This seems to provide that type of value.

If I were developing this, I would make sure to make this able to read from Excel sheets and integrate with popular invoicing services etc, because that is where I believe the primary customers are in technological maturity.

sails · on July 15, 2020

Agree entirely.I see this being implemented as a column type on analytics DBs such as Snowflake or Bigquery (feature of a bigger product) rather than a specific DB designed for ML.

The reason being that as you pointed out, this would be most useful for "easy" problems. These problems live with analysts who are using analytics oriented DBs as part of their Business Intelligence workflow.

arauhala · on July 15, 2020

I can see, why having predictive queries in solutions like Snowflake or Postgres would be extremely tempting.

Still, the problem of integrating the Aito like functionality in existing databases is that it requires lot of specialized data structures to work fast enough. While getting it to work in existing DBs is plausible, at minimum it would require completely new storage engine, or at least a wide refactoring to the old ones.

Regarding the analyst workflows: could you tell more about the main use cases? We haven't had Analyst / BI customers (yet), while they seem like a plausible audience for an Aito-like solution.

sails · on July 15, 2020

Main use case for BI analyst is generally something along the lines of integrating data from a few data sources (CRM, e-commerce etc) into a single data warehouse and then building analytical investigations on that data, most typically to track and distribute KPIs.

Typically in this workflow there is some or other use case that involves some minor predictive element (eg: who are the most likely leads to convert to sales) which then requires some light ML to make a prediction. This often results in very little in the way of actionable outcomes, but doesn't seem to stop people wanting to do it.

I wrote a blog about the stack and workflow [1]. This is quite an established domain.

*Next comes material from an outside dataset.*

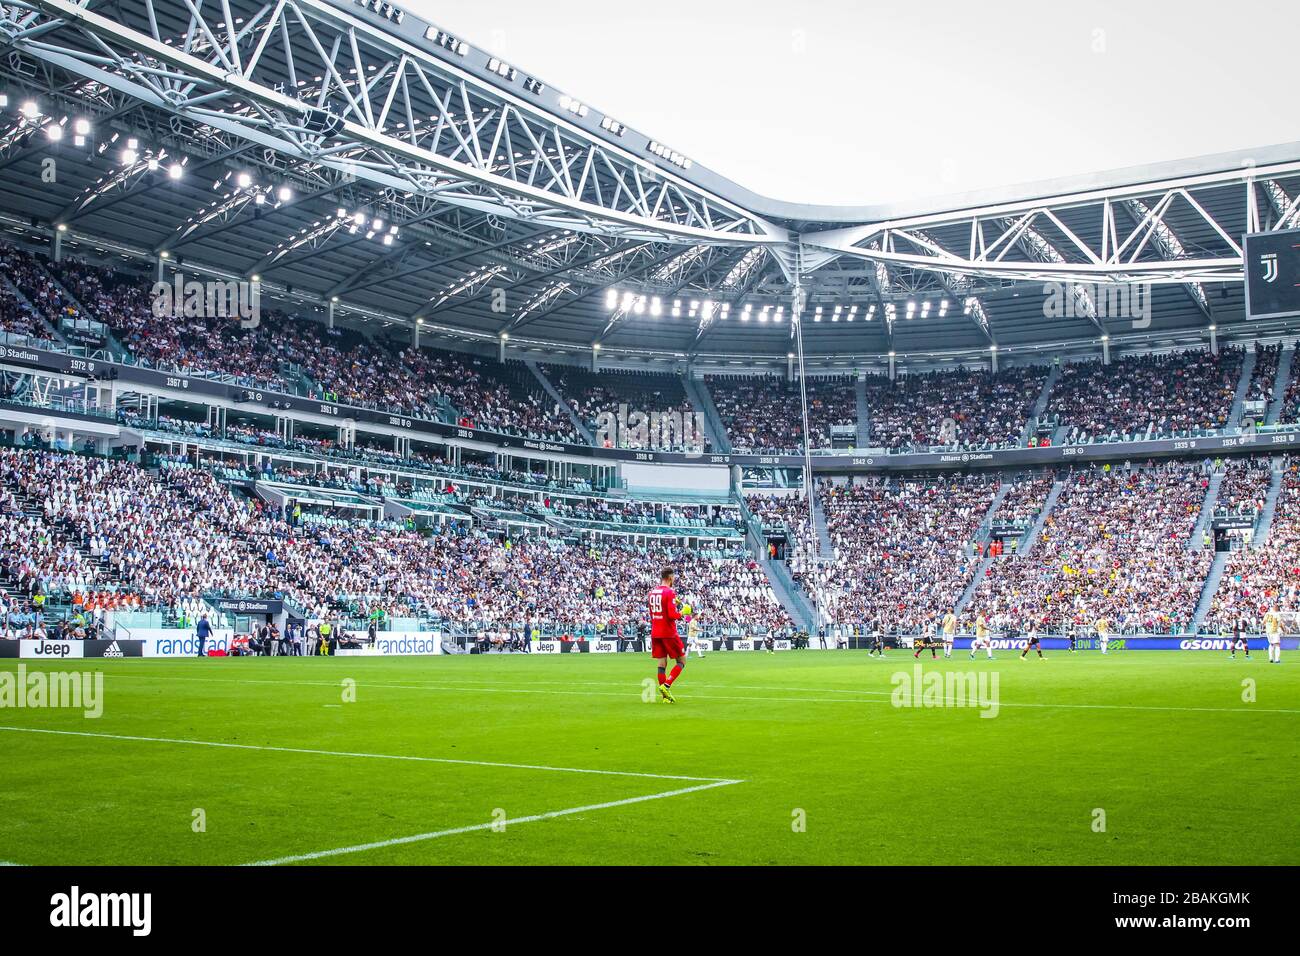 Allianz Stadium during soccer season 2019/20 symbolic images - Photo credit Fabrizio Carabelli /LM/ Stock Photo

Probably an easier route for a snowflake customer is to call the ML function using this new Snowflake feature: External Functions[2]

[1] https://groupby1.substack.com/p/data-as-a-utility-tool

[2] https://docs.snowflake.com/en/sql-reference/external-functio...

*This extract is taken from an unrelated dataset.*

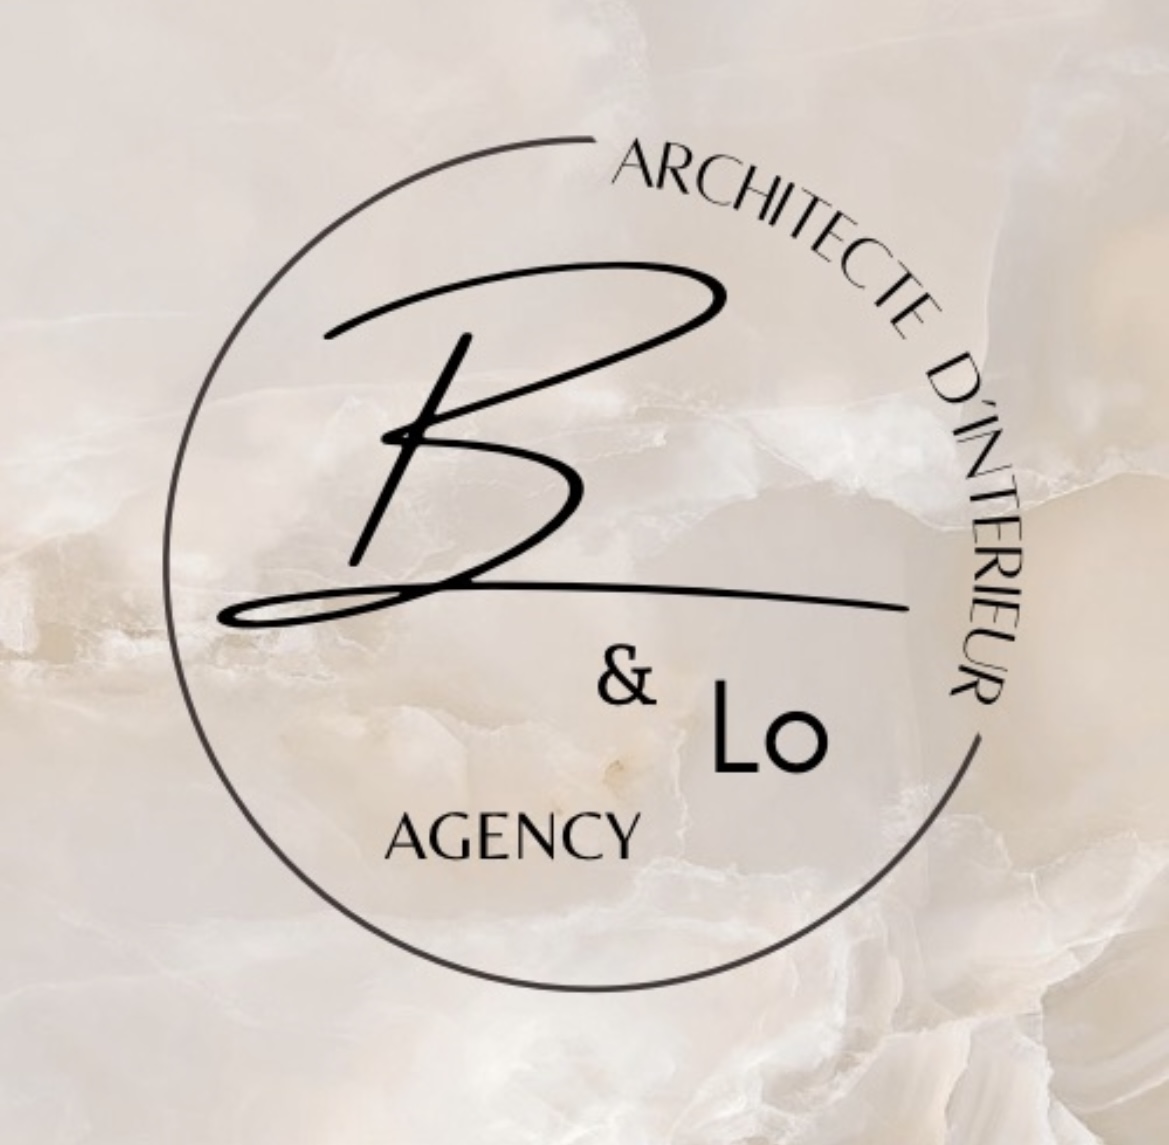 B&lo agency

willvarfar · on July 15, 2020

You work on this?

Writing storage engines for MySQL or even Postgres isn’t that hard.

arauhala · on July 15, 2020

Would you be our first customer, if we do it? ;-)

The fact of the matter is that, while it is a tempting idea it's far from easy. The interfaces may not be that hard, but the storage itself will have its challenges and building a fast ad-hoc inference & representation learning layers on top of it is a huge project.

After working on Aito's DB and ML parts for several years, I can promise: it's more work & harder than it looks :-)

willvarfar · on July 21, 2020

Yeah I trust you, I use and contribute to rdbms and am a bit familiar with their innards.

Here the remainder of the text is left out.